The analysis in Humphrey proceeded as follows:
In the present case, the defendant voluntarily went with the State police to be interrogated. Several of the State police officers who were involved in the interrogation testified that the defendant was not under arrest initially and could have left at any time of his own free will. Before the interrogation, the defendant was a suspect in the case, but it is not clear, based upon the record, that the police had probable cause to arrest until he orally confessed by stating, “I did it.” It was at this point shortly after 9:00 p.m. that the prompt presentment rule was triggered.
Id. at 268,
In syllabus point two of State v. Hosea,
The Court is constitutionally obligated to give plenary, independent, and de novo review to the ultimate question of whether a particular confession was obtained as a result of the delay in the presentment of a juvenile after being taken into custody before a referee, circuit judge, or a magistrate when the primary purpose of the delay was to obtain a confession from the juvenile. The factual findings upon which the ultimate question of admissibility is predicated will be reviewed under the deferential standard of clearly erroneous.
Applying that standard of review, this Court competently navigated the facts and procedural requirements relevant to Hosea, a case very similar to the one to which I am presently dissenting. In Hosea, the juvenile also challenged the admission of his confession given prior to presentment to a magistrate under West Virginia Code § 49-5-8(d).

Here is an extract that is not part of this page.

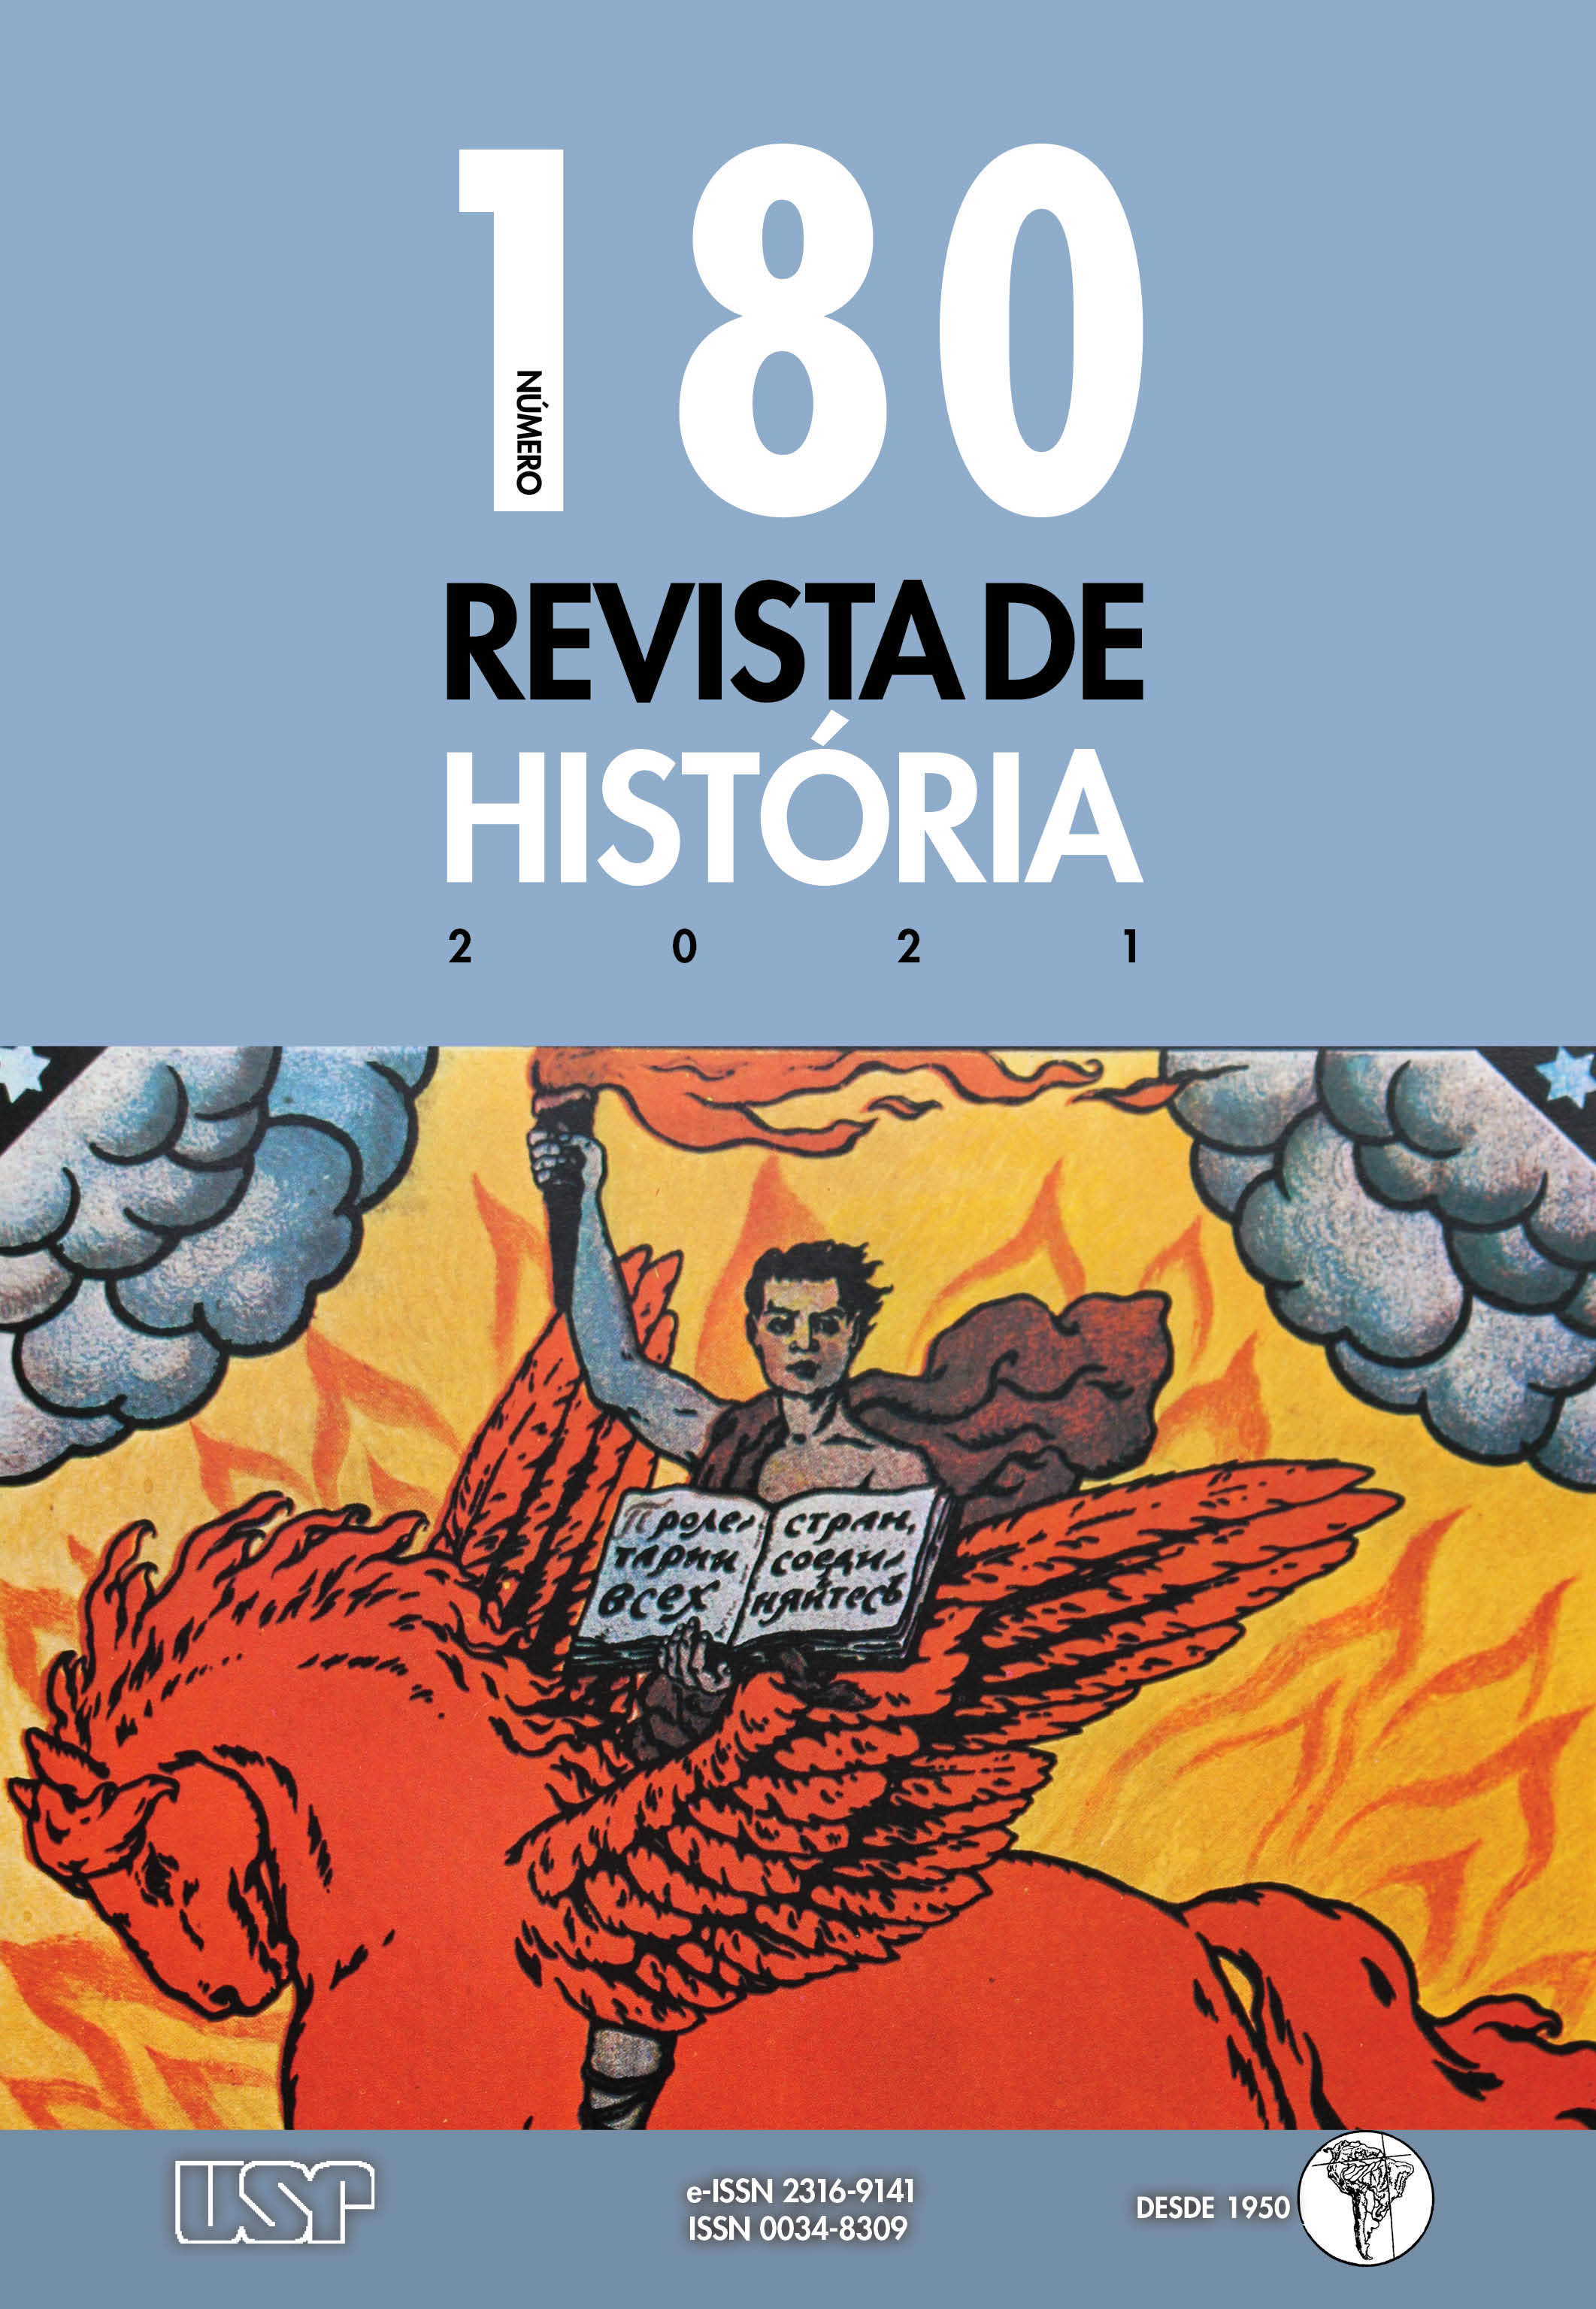 História da Historiografia 11 by História Historiografia - Issuu

(1) there was a substantial delay between the time the defendant was taken into custody and the time he was presented to a magistrate in Summers County; (2) prior to the time the defendant was presented before the magistrate in Summers County, a statement was taken from the defendant*97 in which he described what occurred during the critical times on September 18, 1994; (3) the statement was obtained from the defendant after he had an opportunity to confer in person with his mother and after he was advised of and waived his rights to which he was entitled under Miranda v. Arizona,384 U.S. 436 ,86 S.Ct. 1602 ,16 L.Ed.2d 694 (1966).
Id. at 69,
I disagree with the majority on two major elements encompassed within the prompt presentment discussion. First, I disagree regarding the point at which the prompt presentment rule was activated. The triggering event is not upon suspicion, not upon initial questioning, not upon denials of involvement, but only upon the advent of probable cause to arrest. Second, even if the majority had determined that the prompt presentment rule had been triggered, a confession prior to presentment is not invalidated unless the primary purpose of the delay in presentment was to obtain a confession. Either avenue would have resulted in an affir-mance of the determination of the lower court.

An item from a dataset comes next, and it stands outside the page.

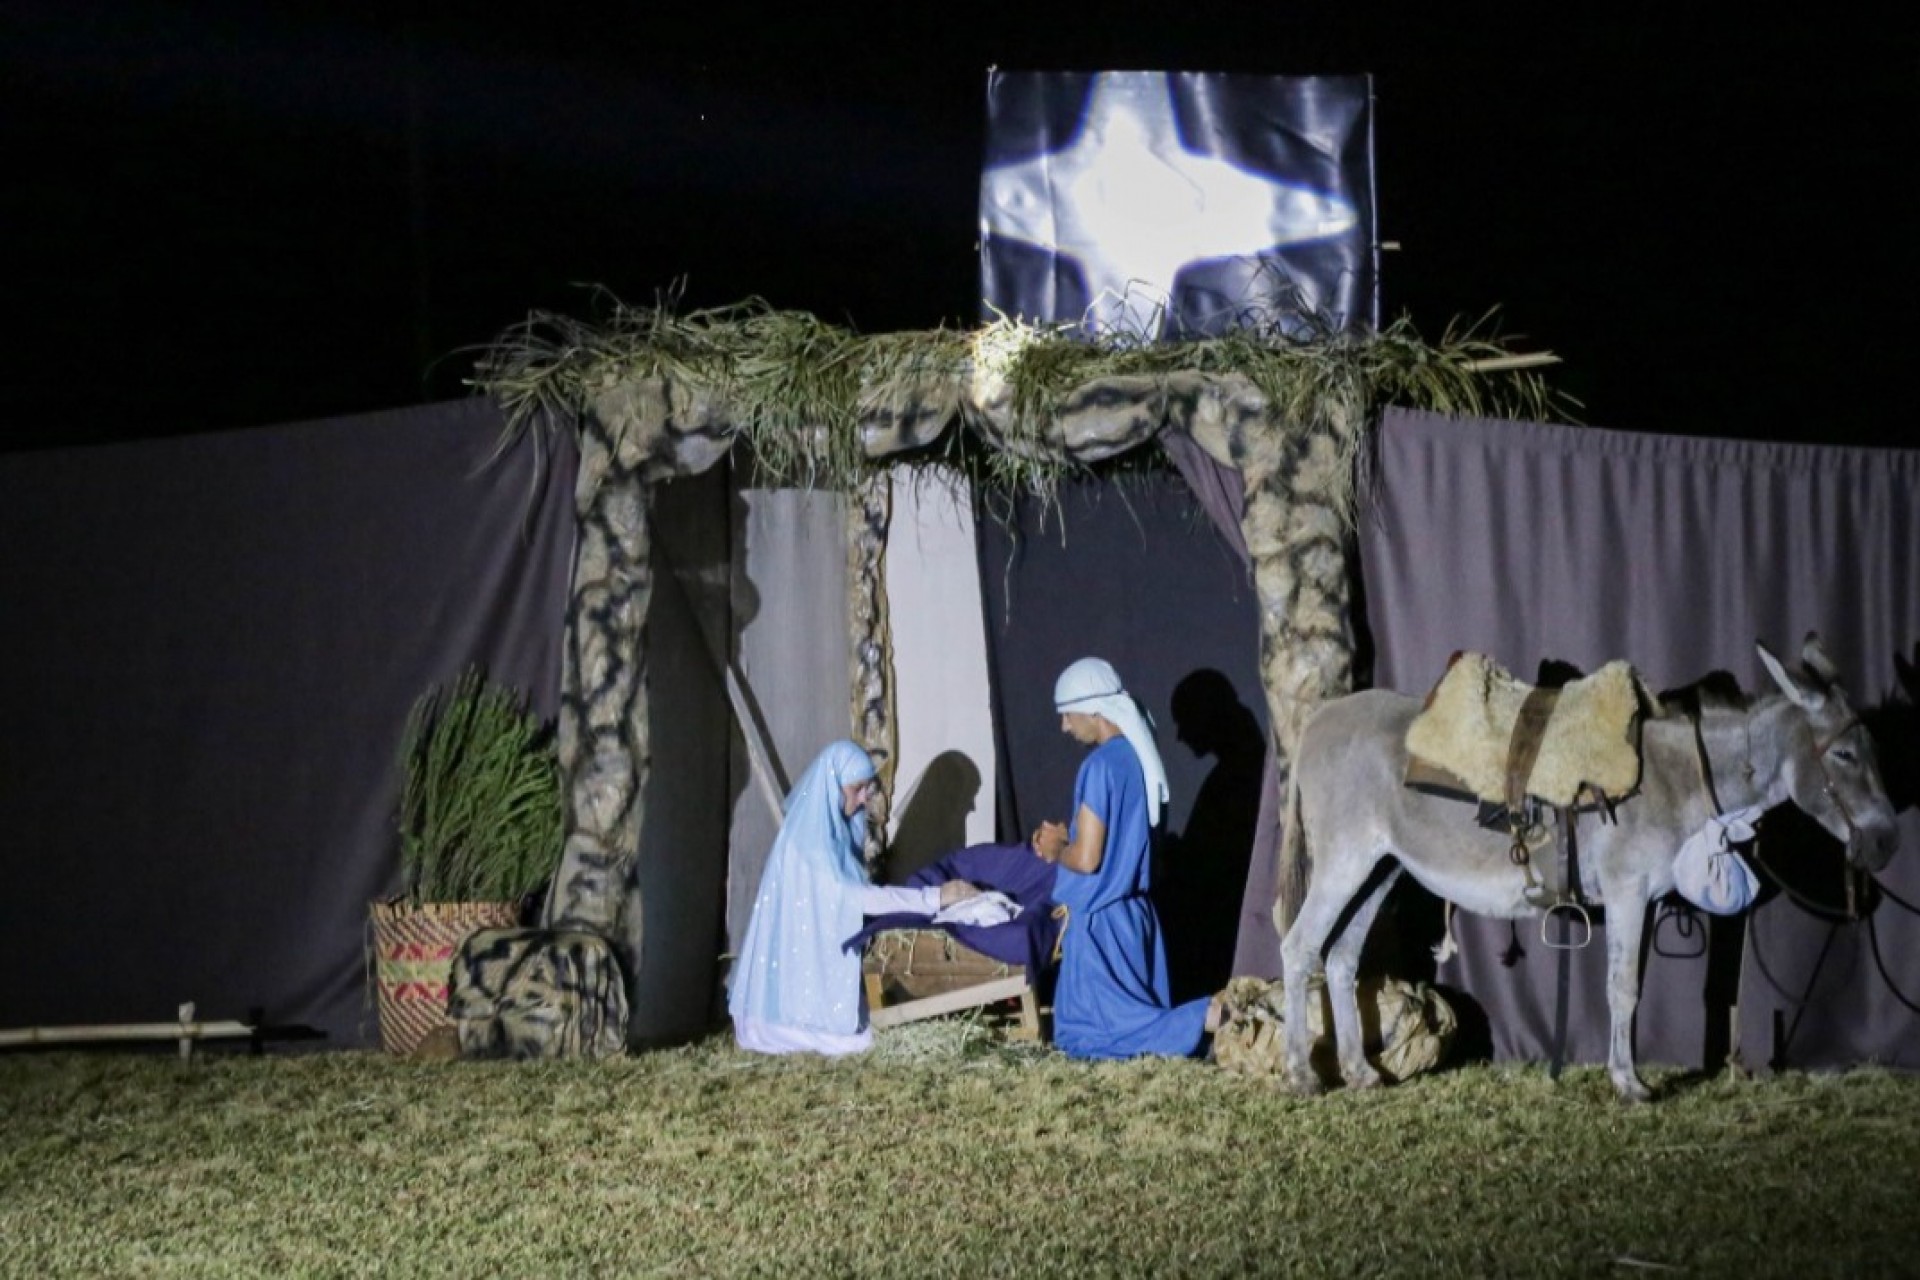 Auto de Natal em Missal: Estrutura já está sendo montada para apresentação em Portão Ocoí no dia 22

I am also troubled by the majority’s ineffective management of the issue of admissibility of the physical evidence. The majority appears to conclude that the admissibility is an issue for consideration on remand by stating as follows:
We cannot discern from the record that the confessions were the only sources leading the police to the discovery of the physical evidence, and it appears that there might have been consents, other than those given by Stephfon W. and George W., which impact on the admissibility of this evidence. In light of the Court’s confusion on this point, we believe that, upon remand, the trial court should take such steps as are reasonably necessary to develop the full facts surrounding the seizure of the physical evidence and should then reassess the admissibility of that evidence in light of the law.

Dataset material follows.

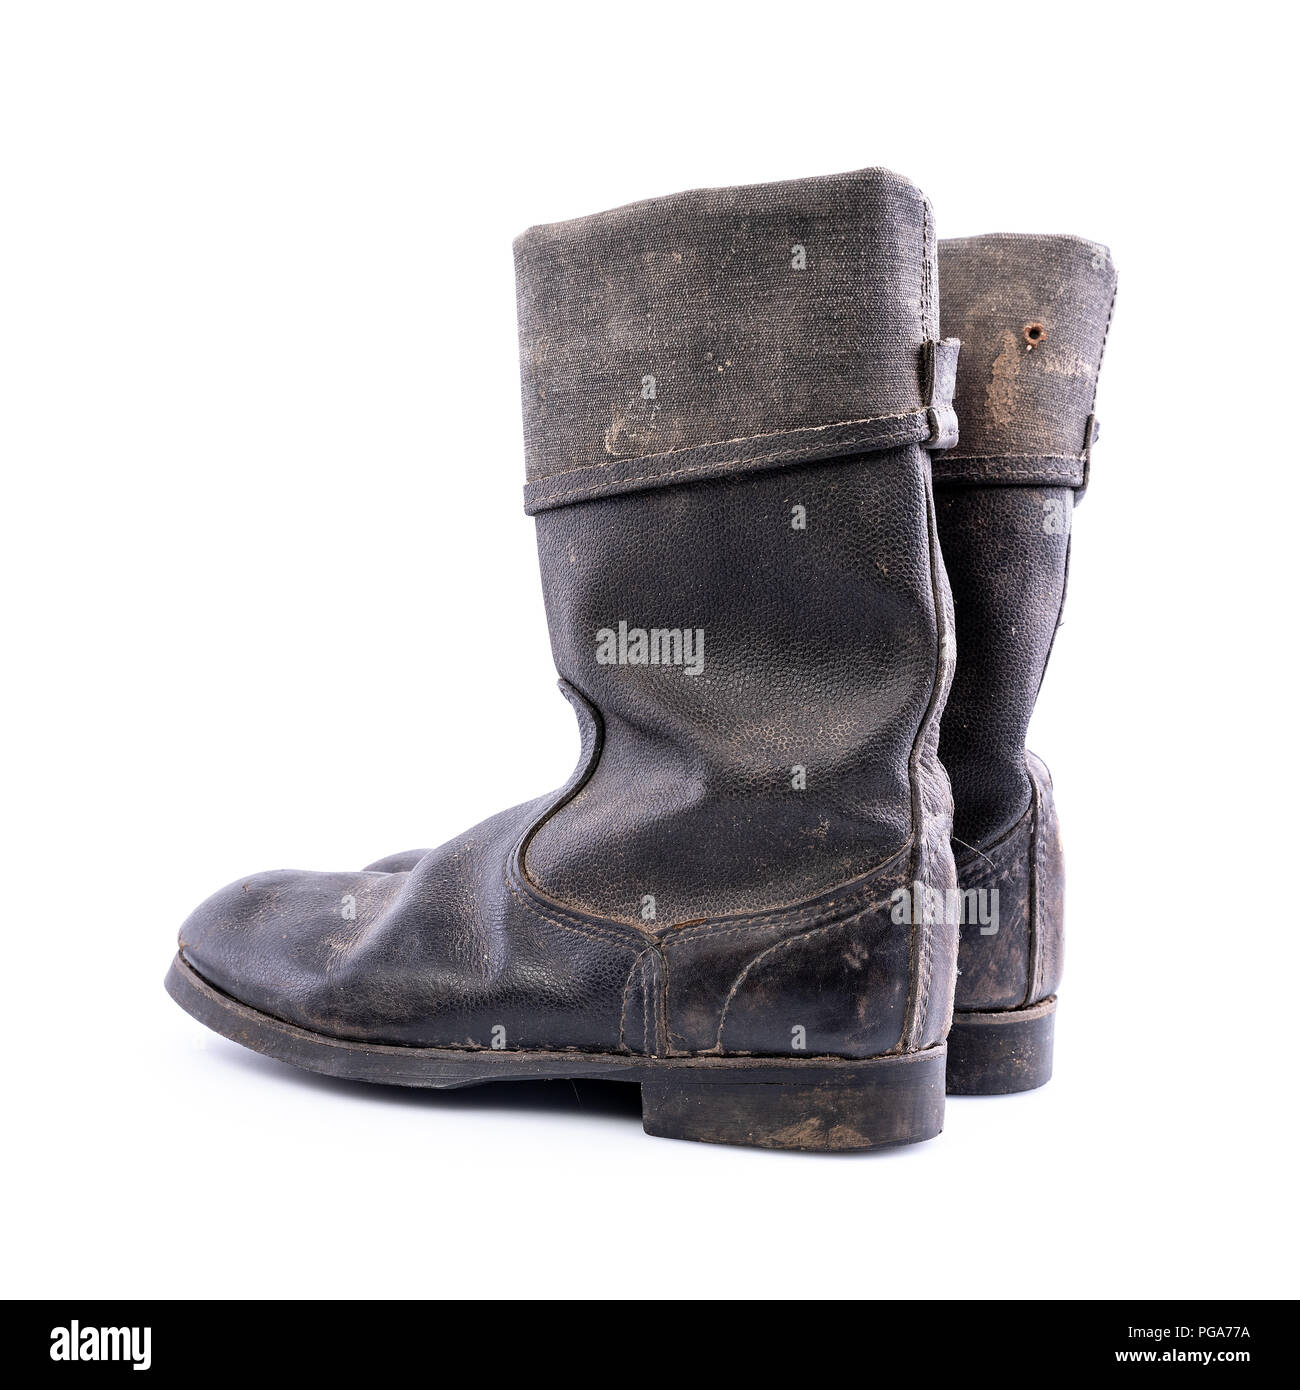 Botas militares de cuero ejército soviético URSS Zapatos Zapatos para hombre Botas Botas de trabajo y estilo militar

However, the following paragraph appears to indicate a retreat from that position: “Since the Court believes that the confessions and physical evidence were inadmissible, the decision of the circuit court transferring jurisdiction of the case was based upon improper evidence and must be reversed.” (Emphasis supplied).
Justice Neely penned a ravishing assault upon the majority the first time it remanded this juvenile matter in In re Stephfon,
Both Mr. S.W. and Mr. G.A.W. were given ample opportunity to consult with family members; both were afforded the opportunity to enlist the aid of a lawyer; both were read their juvenile rights and Miranda rights; both, with their parents, signaled their full understanding of such rights and signed knowing and voluntary waivers. Both, accompanied by their parents and relatives, confessed to the homicide and each implicated the other. On the request of the police, both voluntarily took officers to the areas where items of evidence were thrown. Both, after thorough discussions with their lawyers, opted to waive detention hearings. Nowhere is there evidence of threats, promises, illegal or improper inducements or any other form of coercion exerted on either Mr. S.W. or Mr. G.A.W. to make such confessions.
Ignoring the almost incontrovertible evidence presented at the preliminary hearing that Mr. S.W. and Mr. G.A.W. committed deliberate pre-meditated cold-blooded murder of a kindly old woman, that their confessions to this murder were made with*98 all procedural safeguards afforded them, and that the full-blown trial-like transfer hearing that the majority now demands has essentially already occurred, is of record, and is fully transcribed in the preliminary hearing, not only renders what the court orders today redundant and superfluous; it also makes courts look preposterous and adds more fuel to inflame the “get tough on crime” enthusiasts. In plucking from the air procedural technicalities that in this case can only be designed to vindicate the majority’s denial reflex, to wit, that children should not have evil intent, the majority’s decision is like the thirteenth chime of a ridiculous clock which is not only in and of itself absurd, but casts aspersions on the legitimacy of the other twelve.
Id. I must say, I miss Justice Neely sometimes.
II. Policy Argument
Turning its decision upon the prompt presentment requirements, the majority did not focus upon the evidentiary constraints applicable to a juvenile transfer hearing. An extremely disconcerting trend has insidiously crept into our recent jurisprudence, affording juveniles unwarranted and unnecessary protections at juvenile transfer hearings. Absent a constitutional or statutory requirement, I believe that the presentation of evidence at juvenile transfer hearings should not be subject to the same evidentiary constraints that a trial on the merit demands and that transfer hearings should be treated more in the nature of preliminary hearings and grand jury proceedings.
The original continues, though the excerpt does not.